Türkiye Komünist Partisi (TKP), Ekrem İmamoğlu’nun tutuklanmasıyla yükselişe geçen protestoları değerlendirdiği bir açıklama yayınladı.
Sokak aksiyonlarından eser boykotuna uzanan protesto biçimlerinin boyun eğmeme kültürüne güç verdiğini kaydeden açıklamada adaletsizlik ve genel oy hakkına akına karşı verilmekte olan çabanın sömürü nizamı ile çabaya evrilmesini istemeyenlerin olduğu tabir etti.
TKP’nin, sermaye egemenliğinin sorgulanmasına yardımcı olacak bir uğraş çizgisini temsil edeceğini aktaran açıklamada “Korkarak, boyun eğerek, teslim olarak diz çökmeyiz. Yurtseverin, devrimcinin, işçinin anısına hürmetle diz çökeriz” denildi.
Bu doğrultuda Pazartesi’den itibaren üç gün meydanlarda olacağını ilan eden TKP, birinci gün üç büyük vilayette düzenlenecek aksiyonların buluşma noktalarını duyurdu.
“SÖMÜRÜNÜN, TALANIN, YAĞMANIN, ADALETSİZLİĞİN KARŞISINDA DİZ ÇÖKÜLMEZ”
TKP’den yapılan “Hükümete Diz Çökmüyoruz” başlıklı açıklamanın tamamı şöyle:
“1. Halkımız, başta öğrenciler olmak üzere, büyük oranda örgütsüz ve dağınık girilen bir süreçte iktidarın genel oy hakkını gasp etme teşebbüsüne karşı tarihî bir karşı koyuş sergilemektedir.
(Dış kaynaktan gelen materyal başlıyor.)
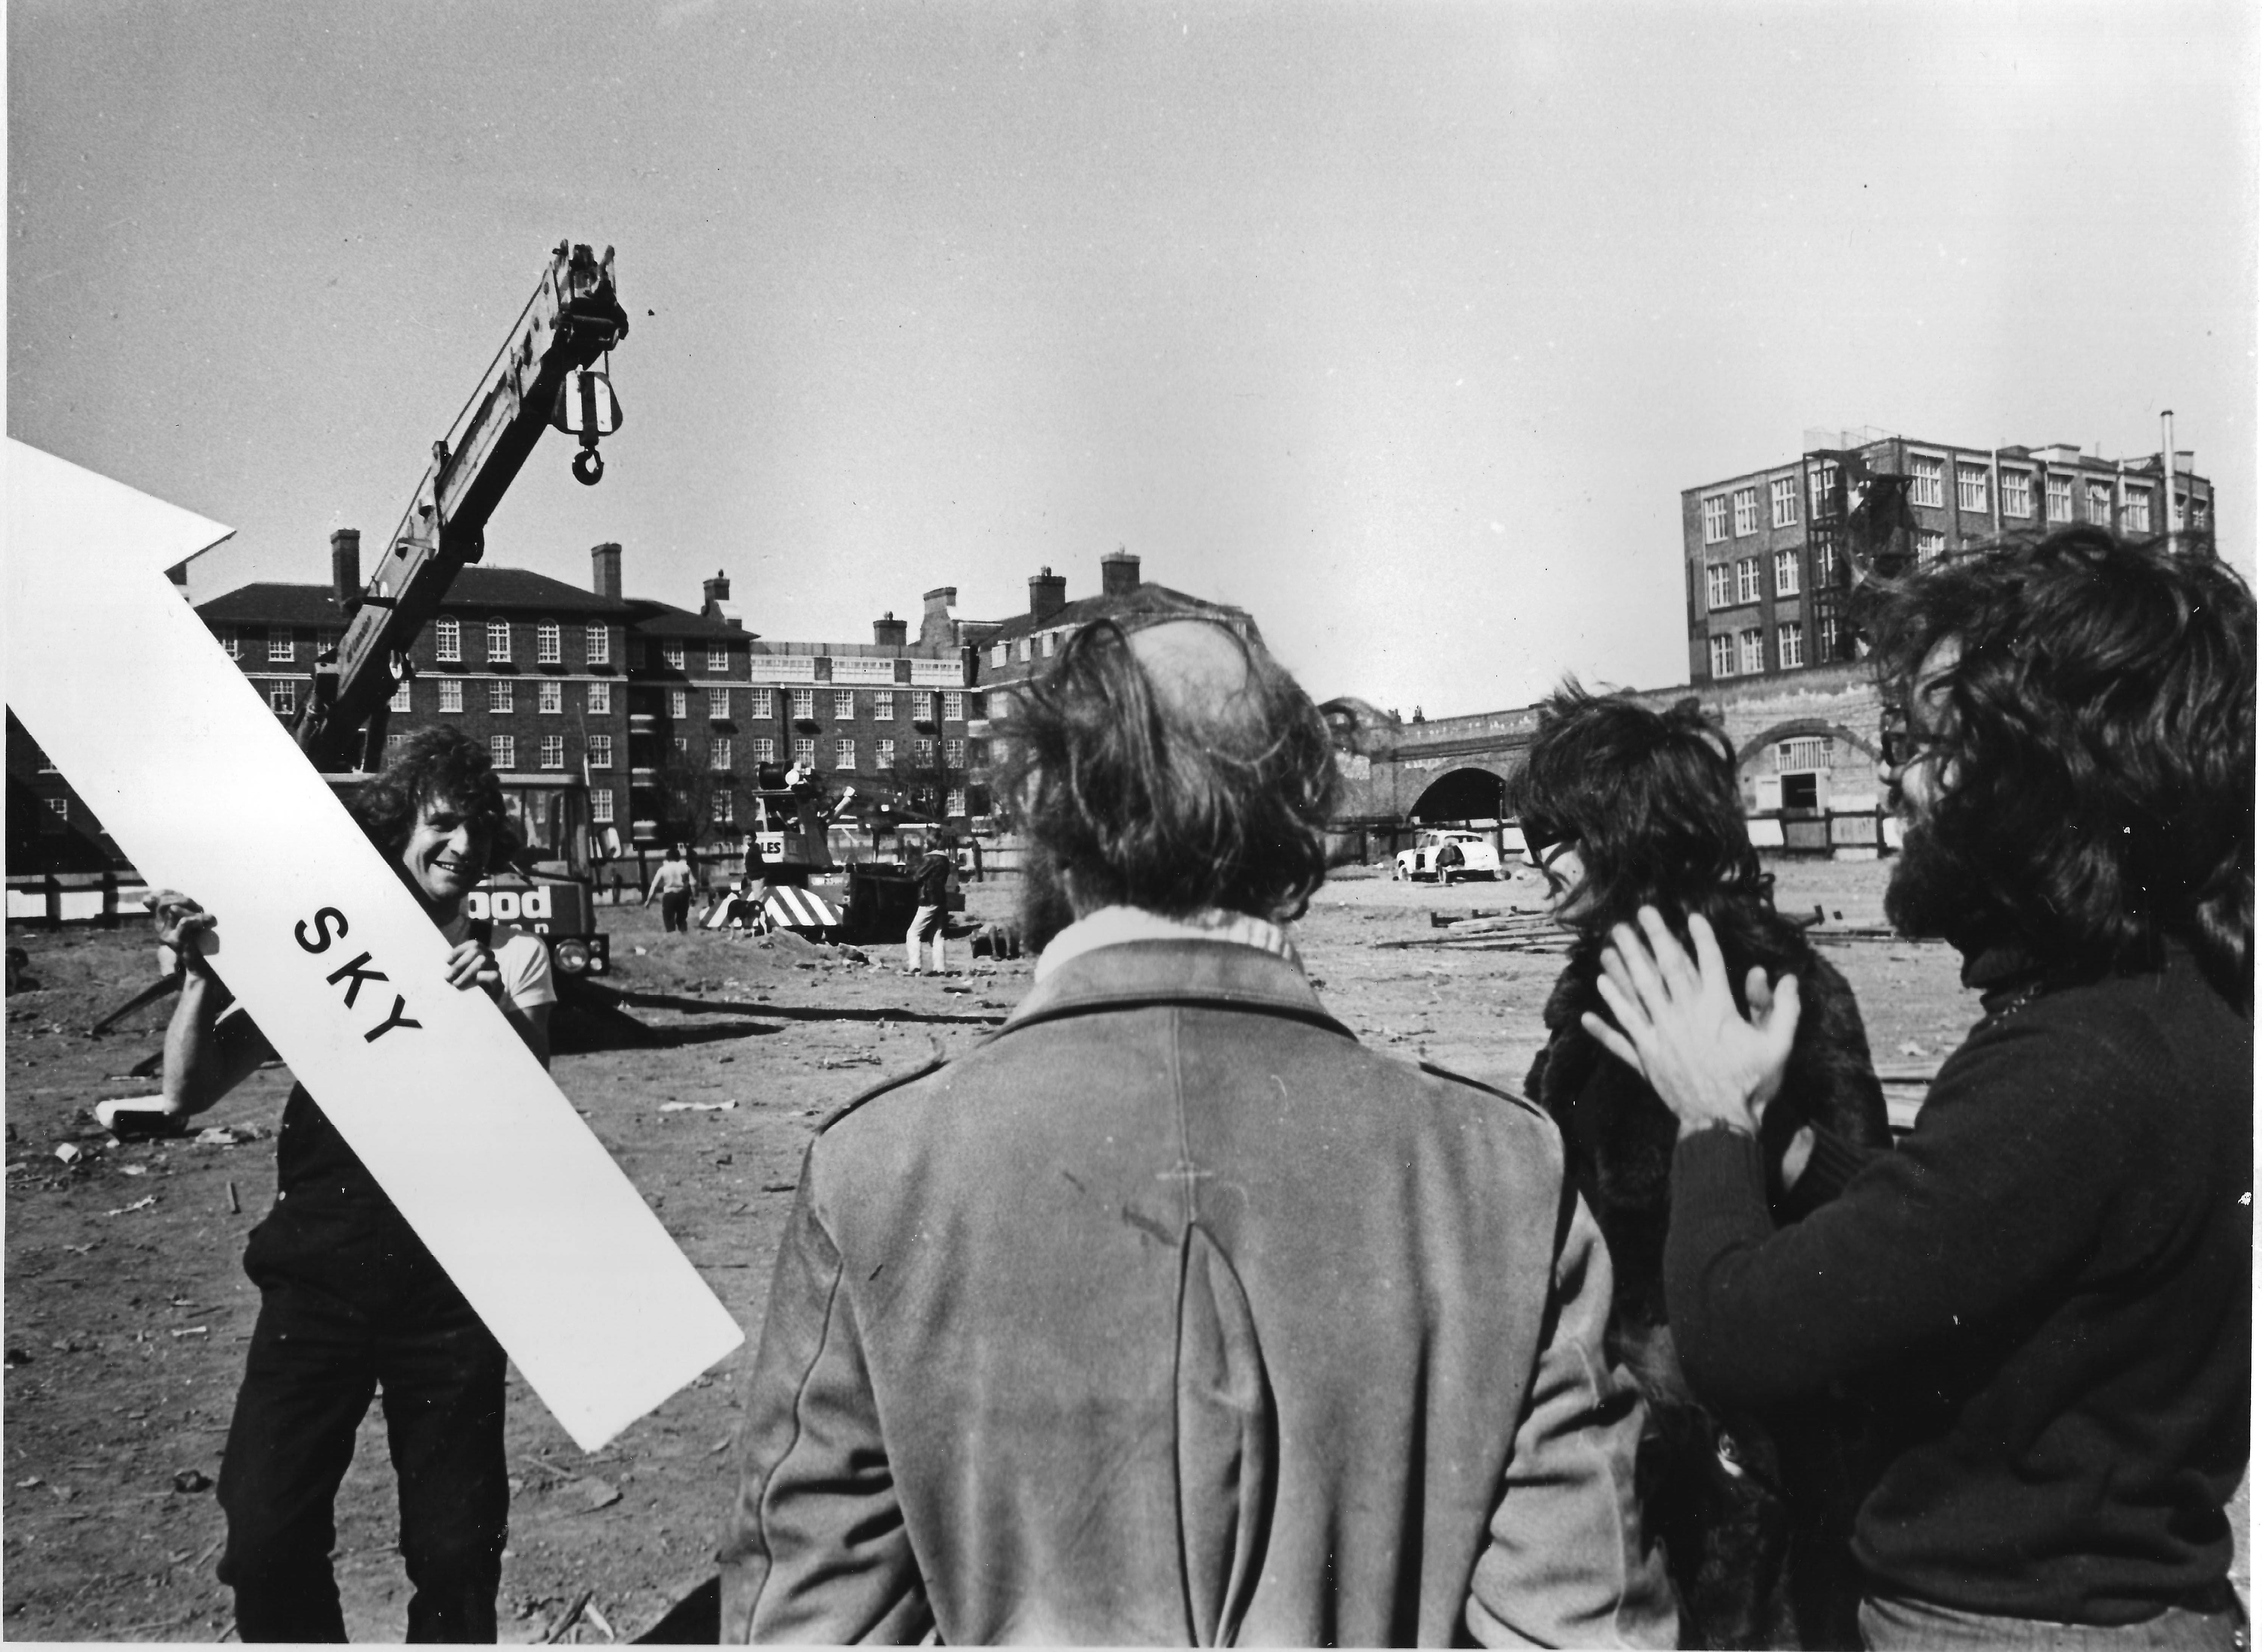 The image shows a black-and-white photograph taken during the performance or rehearsal of Crane Ballet. In the foreground, three figures stand with their backs to the camera, looking out at an unpaved construction site where two mobile cranes are visible. In the image’s left foreground, a young man holding a large white arrow with the word “SKY” written on it, and pointing upward, appears to be showing the sign to the three figures. The figure on the far right, the artist Leopoldo Maler, claps his hands while looking at the man holding the sign.

Bu karşı koyuş, kendisini, çok geniş kısımların politik bir tavır almasına yardımcı olan farklı mecra ve araçlarla tabir etmektedir. Sokak hareketlerinden eser boykotuna varıncaya kadar, protesto biçimlerinin her birine dair söylenebilecek çok şey olsa da, iştiraki yaygınlaştıran bu mecra ve araçların toplamda son derece manalı bir toplumsal iklim yarattığı ortadadır.
2. İktidarın keyfiliklerine, “yok artık o eski Türkiye” çeşidinden kibir ve zorbalık kokan dayatmalarına değişik ideolojik ve siyasal eğilimlerden yurttaşlarımızın yönelttiği itirazın önümüzdeki devir ve hatta kritik tarihî dönemeçlerde çok muhtaçlığımız olan adalet duygusu ve boyun eğmeme kültürüne güç verdiği de unutulmamalıdır. Bu güç “hiç yoktan iyidir”den ötesidir ve “iyi”, “güzel”, “yararlı” sözcükleriyle ifade edilmelidir.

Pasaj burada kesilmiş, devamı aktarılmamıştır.